Domain-enhanced analysis of microarray data using GO annotations - PubMed (original) (raw)
Motivation: New biological systems technologies give scientists the ability to measure thousands of bio-molecules including genes, proteins, lipids and metabolites. We use domain knowledge, e.g. the Gene Ontology, to guide analysis of such data. By focusing on domain-aggregated results at, say the molecular function level, increased interpretability is available to biological scientists beyond what is possible if results are presented at the gene level.
Results: We use a 'top-down' approach to perform domain aggregation by first combining gene expressions before testing for differentially expressed patterns.
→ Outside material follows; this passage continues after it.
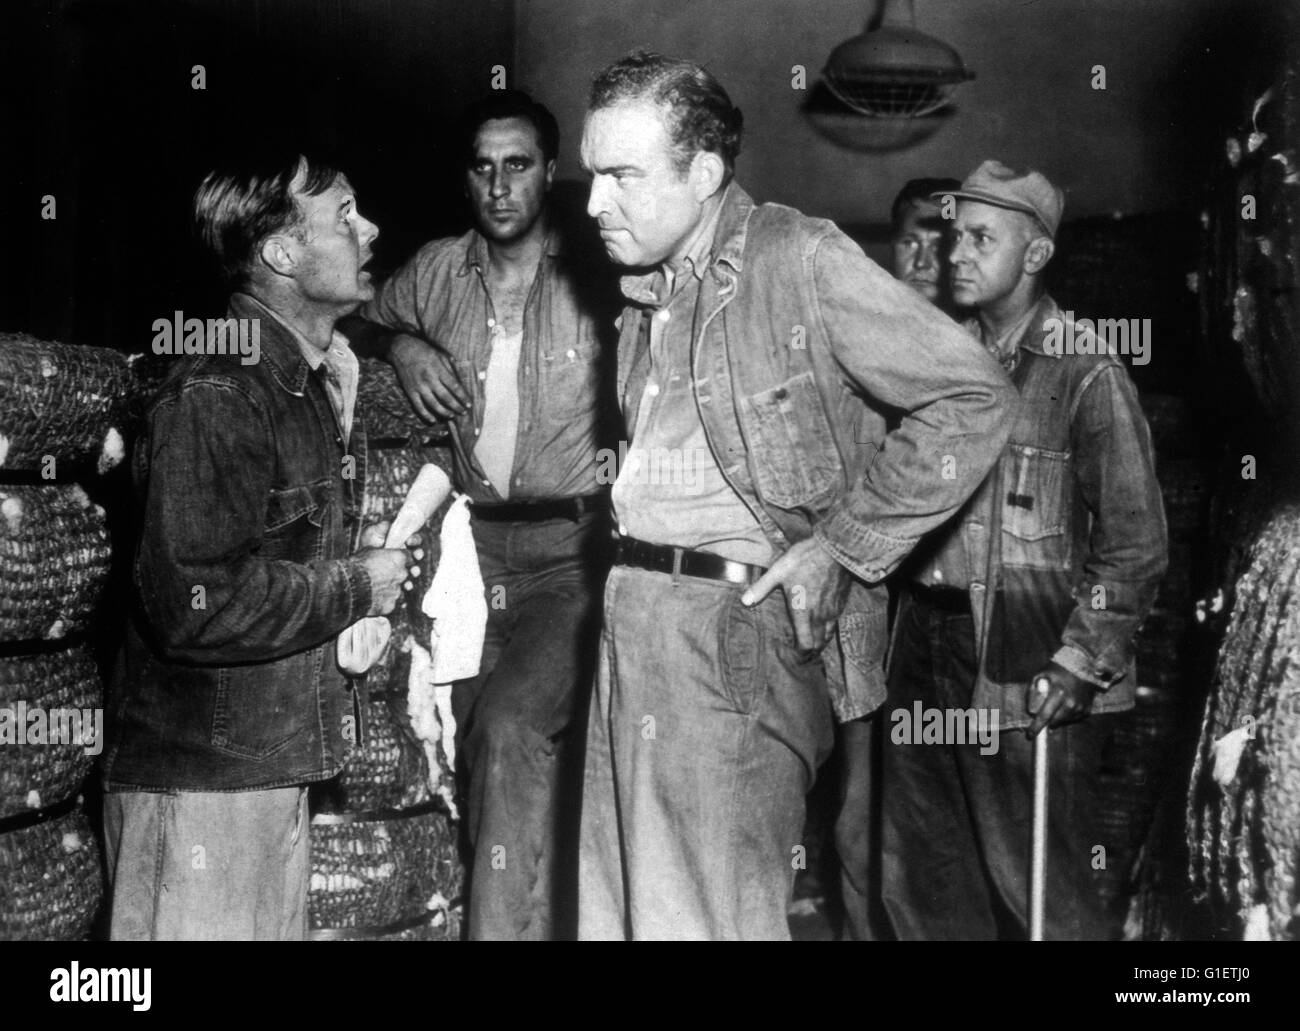 La rivolta nella grande casa, aka: Mit dem Messer im Rücken, USA 1958, Regie: R. G. Springsteen, Darsteller: Robert Blake (links), Gene Evans (rechts) Foto Stock
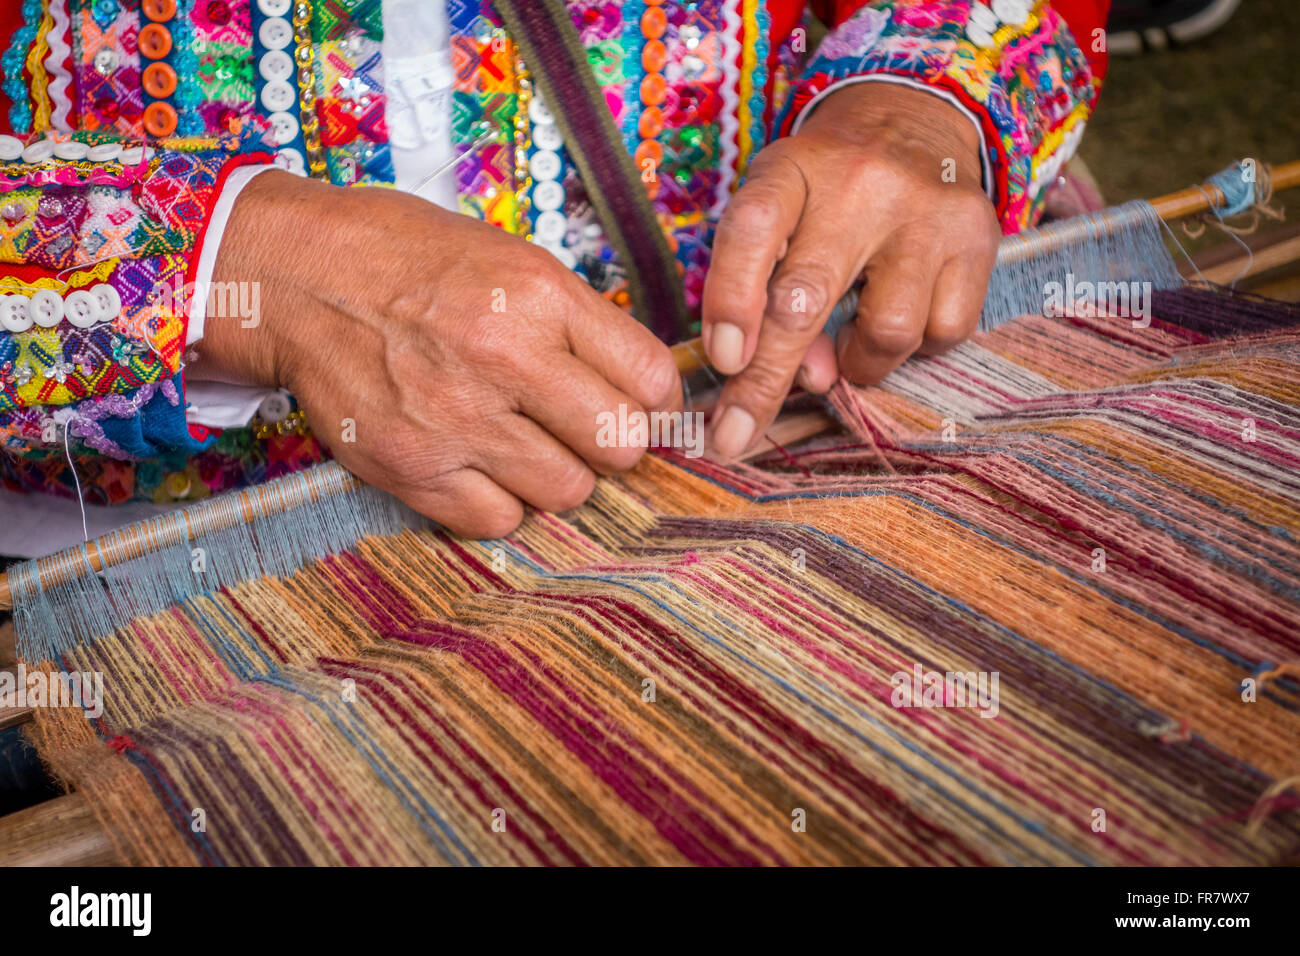 WASHINGTON, DC, USA - Woman from Cusco, Peru demonstrates weaving with backstrap loom (awana), during 2015 Smithsonian Folk Life Stock Photo

This is in contrast to the more standard 'bottom-up' approach, where genes are first tested individually then aggregated by domain knowledge. The benefits are greater sensitivity for detecting signals. Our method, domain-enhanced analysis (DEA) is assessed and compared to other methods using simulation studies and analysis of two publicly available leukemia data sets.
Availability: Our DEA method uses functions available in R (http://www.r-project.org/) and SAS (http://www.sas.com/). The two experimental data sets used in our analysis are available in R as Bioconductor packages, 'ALL' and 'golubEsets' (http://www.bioconductor.org/).
Supplementary information: Supplementary data are available at Bioinformatics online.